Gimasys - đối tác cấp cao tại Việt Nam được Google lựa chọn để phối…
Security experts have recently discovered a scheme that includes many moves to hack Gmail accounts' information that has great influence and negative impact because even people with technology knowledge can completely in the category of being easily deceived, "giving up" personal data to the bad guys behind.
The hackers will first look for attachments that the user has sent before for the contact list of or and topics related to the outgoing emails. These attackers will then start collecting contact email addresses, and these email addresses will become the next target of the attackers. After finding a piece of information, the hacker creates an image of the attachment (screenshot) and that image is attached in the sender's email with the email or similar subject, increased awareness and automatic trust.
What makes this attack so effective is that the phishing emails are sent from someone the email recipient (the victim) knows.
This new Gmail attack scam uses an attached image that masquerades as a PDF file with a scaled-down version of the attachment buffer. Once clicked, the victim will be redirected to the phishing page, which is disguised as the Google login page. But it is a FIRE.
The URL spoofs the Gmail login page as the accounts.google.com subdomain. So with just the link is enough to fool the majority of users into believing that they are on a legitimate Google page.

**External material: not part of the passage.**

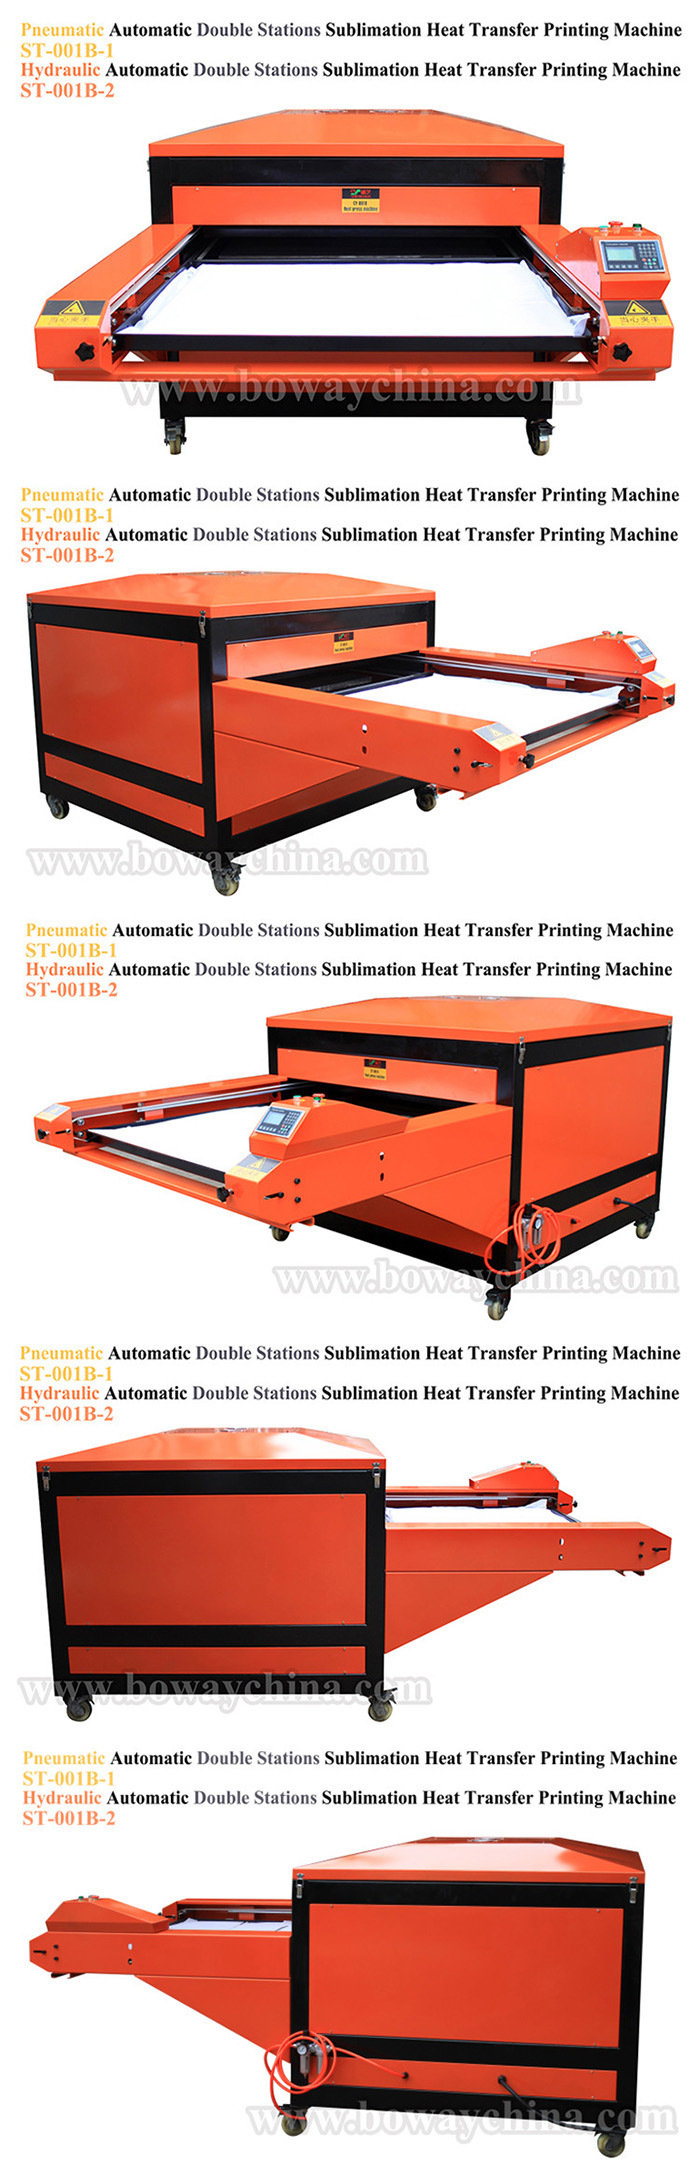 Large Format Hydraulic Automatic Double Stations Flatbed Hot Heat Transfer Press Tshirt Printer

In addition, since the browser does not display the red warning icon commonly used by Google to indicate unsafe pages, users are subject to Gmail hacking programs.
Here's what WordFence CEO Mark Maunder reported on the attacks that were posted in a blog:
. “This phishing technique uses something called 'data URI' to include a file entirely in the browser address bar When you look up the browser address bar and see 'data:text/html' … .. 'which is actually a very long text string. "
“People are scammed because of a clever trick used by these attacks, and they send their credentials, which is passed directly to the attackers. And as soon as the attackers get the authorization, they will log into the victim's Gmail account."
To protect and avoid these phishing email attacks is very simple. Gmail users need to enable two-step authentication, and of course always be careful when opening any files in your email.
So even if attackers can access your certificate, they won't be able to proceed further without your phone number or USB device encryption to gain access to your account.